■ **Work to complete**
Using the records below, repeat exactly the lines from the one holding "The Fruit And" through the one holding "Ticket stubs to European casinos", both ends included, and no others.

■ **Stored entries**
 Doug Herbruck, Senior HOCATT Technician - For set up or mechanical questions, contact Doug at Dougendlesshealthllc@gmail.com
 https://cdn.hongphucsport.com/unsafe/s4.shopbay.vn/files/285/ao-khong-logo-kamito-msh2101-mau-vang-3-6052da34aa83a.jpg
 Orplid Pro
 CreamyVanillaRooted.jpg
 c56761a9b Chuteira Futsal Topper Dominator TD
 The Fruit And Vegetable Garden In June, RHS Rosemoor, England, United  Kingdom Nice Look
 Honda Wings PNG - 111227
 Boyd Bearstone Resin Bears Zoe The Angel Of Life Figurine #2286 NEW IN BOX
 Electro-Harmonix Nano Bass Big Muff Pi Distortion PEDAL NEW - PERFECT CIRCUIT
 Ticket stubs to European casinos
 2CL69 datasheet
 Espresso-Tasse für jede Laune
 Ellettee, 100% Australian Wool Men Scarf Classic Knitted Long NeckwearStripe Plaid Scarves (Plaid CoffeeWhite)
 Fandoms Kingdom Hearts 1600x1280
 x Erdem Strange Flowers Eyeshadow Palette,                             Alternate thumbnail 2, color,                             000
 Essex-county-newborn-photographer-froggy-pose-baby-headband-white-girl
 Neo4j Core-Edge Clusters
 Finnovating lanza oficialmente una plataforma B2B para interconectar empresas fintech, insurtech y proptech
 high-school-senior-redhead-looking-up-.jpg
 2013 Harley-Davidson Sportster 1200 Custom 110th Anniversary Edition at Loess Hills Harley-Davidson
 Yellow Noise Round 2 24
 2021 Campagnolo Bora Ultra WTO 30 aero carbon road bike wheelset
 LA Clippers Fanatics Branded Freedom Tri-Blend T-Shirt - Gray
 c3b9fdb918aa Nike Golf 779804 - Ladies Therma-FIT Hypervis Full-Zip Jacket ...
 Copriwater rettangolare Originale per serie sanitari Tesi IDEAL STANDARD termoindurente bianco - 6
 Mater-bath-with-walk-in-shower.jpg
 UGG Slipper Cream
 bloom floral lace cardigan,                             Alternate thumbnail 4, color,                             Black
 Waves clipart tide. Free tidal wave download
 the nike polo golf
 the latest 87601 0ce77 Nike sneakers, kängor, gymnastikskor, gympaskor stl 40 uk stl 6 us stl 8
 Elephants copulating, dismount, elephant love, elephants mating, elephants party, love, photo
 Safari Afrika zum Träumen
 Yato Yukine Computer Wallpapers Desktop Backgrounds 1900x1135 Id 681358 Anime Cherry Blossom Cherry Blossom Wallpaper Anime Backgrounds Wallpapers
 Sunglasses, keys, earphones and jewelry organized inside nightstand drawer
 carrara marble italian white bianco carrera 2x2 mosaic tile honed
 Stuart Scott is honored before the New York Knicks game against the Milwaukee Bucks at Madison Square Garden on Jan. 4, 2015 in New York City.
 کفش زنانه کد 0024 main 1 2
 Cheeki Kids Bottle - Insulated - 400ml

■ **Problem solution**
 The Fruit And Vegetable Garden In June, RHS Rosemoor, England, United  Kingdom Nice Look
 Honda Wings PNG - 111227
 Boyd Bearstone Resin Bears Zoe The Angel Of Life Figurine #2286 NEW IN BOX
 Electro-Harmonix Nano Bass Big Muff Pi Distortion PEDAL NEW - PERFECT CIRCUIT
 Ticket stubs to European casinos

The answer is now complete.